3d printing, metal, AM, aerospace, A Purdue innovation that produces stronger, lighter metal parts that work for the automotive and aerospace industries through a new, 3-D printing technology is being commercialized through Frontier Additive Manufacturing LLC, a Crawfordsville, Indiana-based company.

"We are commercializing a multiple-laser method to create products at the micro-structural level that exceeds current 3-D printing capabilities' structural integrity with the ability to adjust material properties in the original location of the part," said Eric Lynch, president and co-founder of Frontier Additive Manufacturing. "These are replacement or new products that could easily replace new or worn parts in manufacturing machinery, automotive or aerospace engines. The technology is developing quickly, and we are already successfully engaged with the medical implant industry. We also are in discussions with the automotive, aerospace and oil and gas industries."
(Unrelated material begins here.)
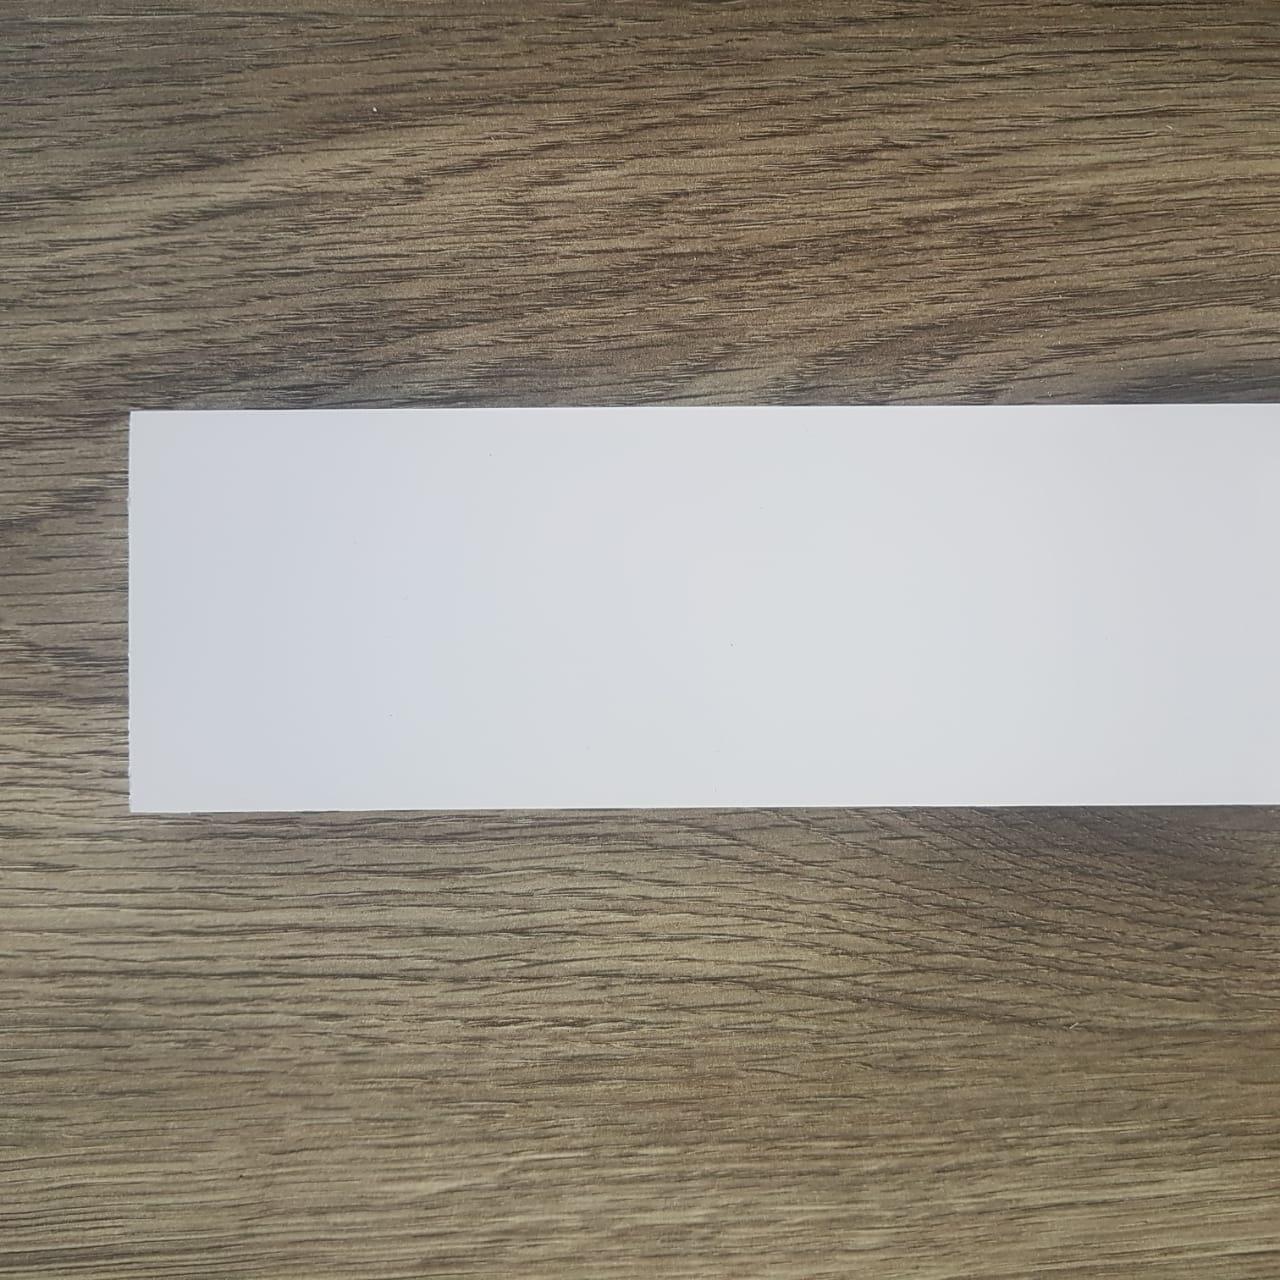 Rodapé de Poliestireno Liso - Branco - 7cm de altura  (7x1x240cm)

The patented technology was developed in the laboratories of Gary Cheng, a Purdue University associate professor of industrial engineering and Yung Shim, a Purdue professor of mechanical engineering.

"The conventional 3-D methods of creating metal parts for any type of machinery only have about 60 to 70 percent of the current strength of an original part," said Cheng, who also is the director of the Scalable Micro Nano Manufacturing Center at Purdue. "We are finding solutions to this problem through the use of novel 3-D printers that reconstruct the parts at the smallest micro-structure level currently available."

Frontier Additive Manufacturing's technology will be able to create a finished product in one setup from a CAD design that can be used to replace worn parts in manufacturing with drop-in capabilities where no other modifications are needed for the replacement part to function as an original.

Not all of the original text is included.